Lovely Barbara, my domestic assistant, arrived for the morning and being so amazingly helpful, unpacked my rucksack and sorted everything out. The Calpol bottle was restored to the medicine cabinet, and forgotten.
Some months later, I was in London for the weekend, at a study day for the degree I am trying to do whilst juggling everything else. I had also met up with some university friends and we were having a great time, apart from the constant calls from my darling husband; who being a big tough soldier, has never really played much of a part in the day-to-day running of the children’s lives.
The ‘phone rang again. What drama now? Well, apparently this time, No. 3 was ill. I was a little sceptical, as No. 3 can sometimes magic up a sore waist (which is apparently totally different to a sore tummy) when mummy is going somewhere he doesn’t want her to go. I advised my normal practice would be to shove the electronic ear thermometer in, and try and persuade No. 3 that there was nothing actually wrong with him, unless the thermometer told me otherwise, in which case to give him a dose of Calpol.

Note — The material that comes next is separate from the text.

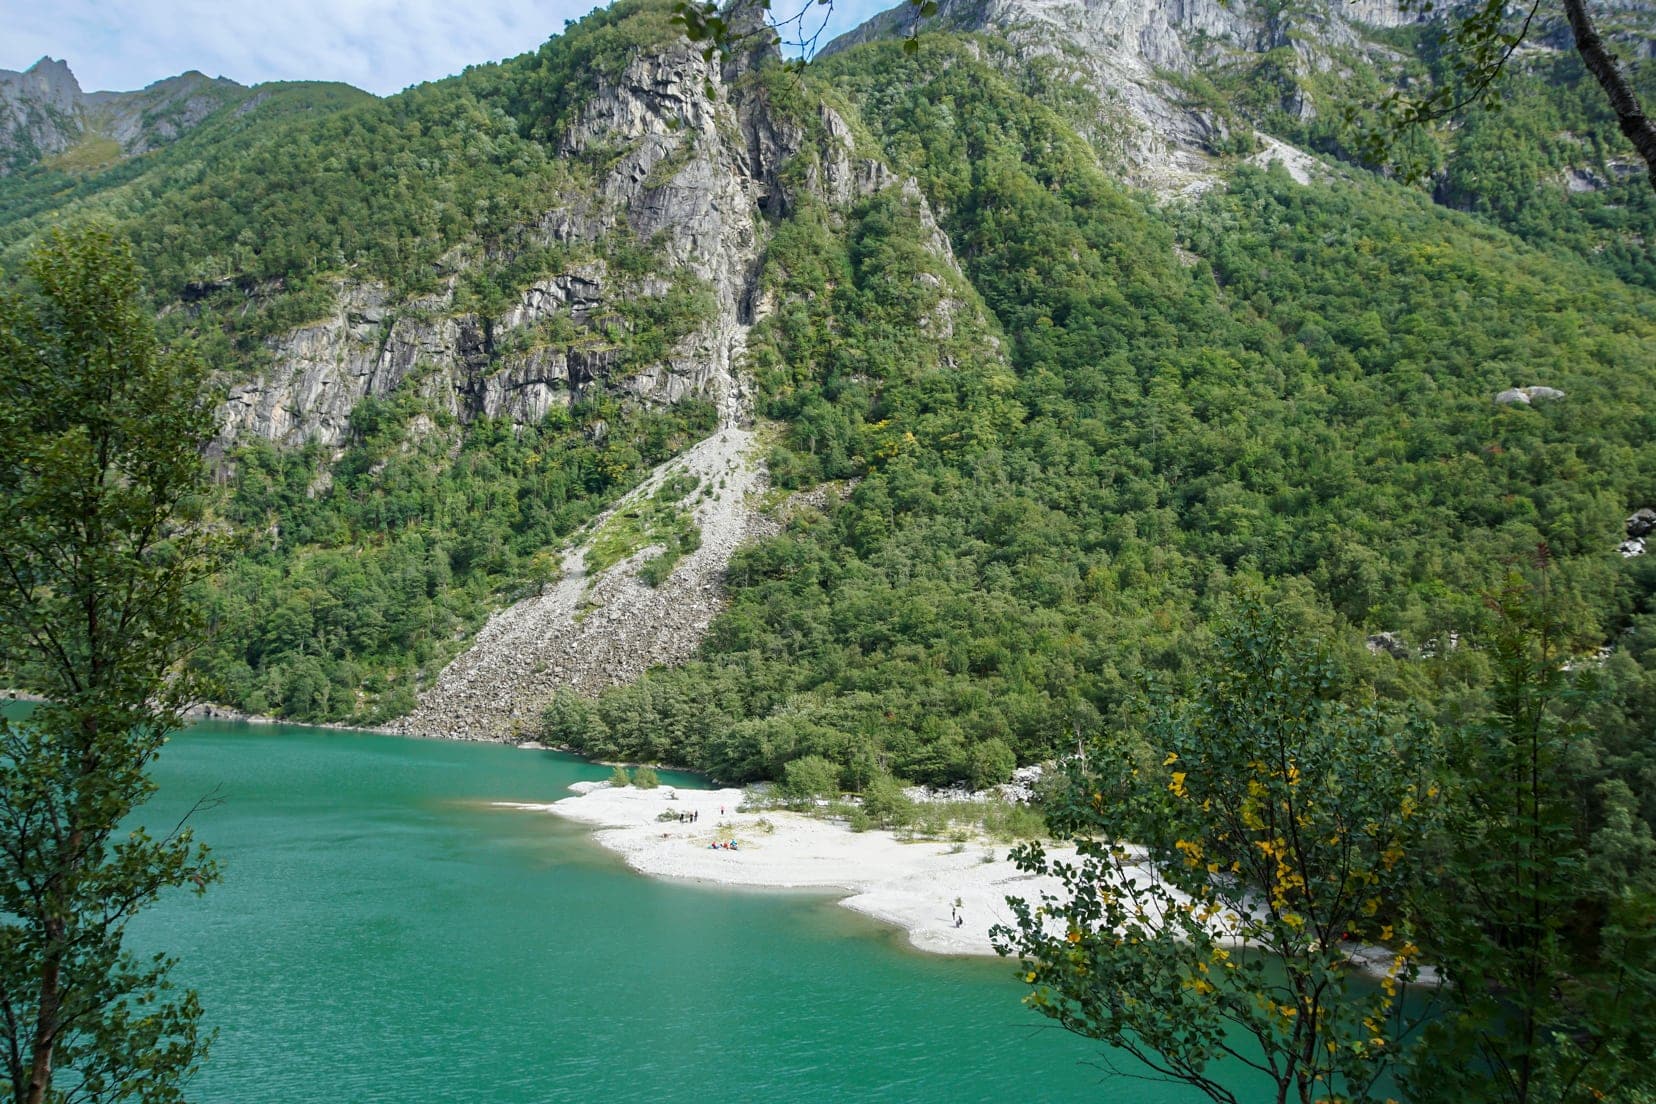 Green waters of a lake with surrounding mountains

The phone rang 10 minutes later. There was indeed a problem. No temperature, but apparently the Calpol was off, as it had made No. 3 immediately vomit. Lots of ranting ensued about the quality of Calpol and how ridiculous this was.
The cogs started to whir in my brain. I had never heard of Calpol going off before….. and suddenly the penny dropped. He had given No. 3 a spoonful of sloe gin rather than a spoonful of Calpol…. aaaaaaagh! I remained largely silent, not wanting to exacerbate the situation by suddenly confessing it was all my fault. I made the odd sympathetic muttering, and suggested the Calpol should be disposed of, so that it didn’t get mixed up with the good medicines.
So my confession is now out there. I will beg forgiveness from No. 3, when he is a little older, and he will hopefully see the funny side. However, I will not beg forgiveness from darling husband, as really, by child number No. 3, he really has no excuse for not knowing what Calpol smells like!!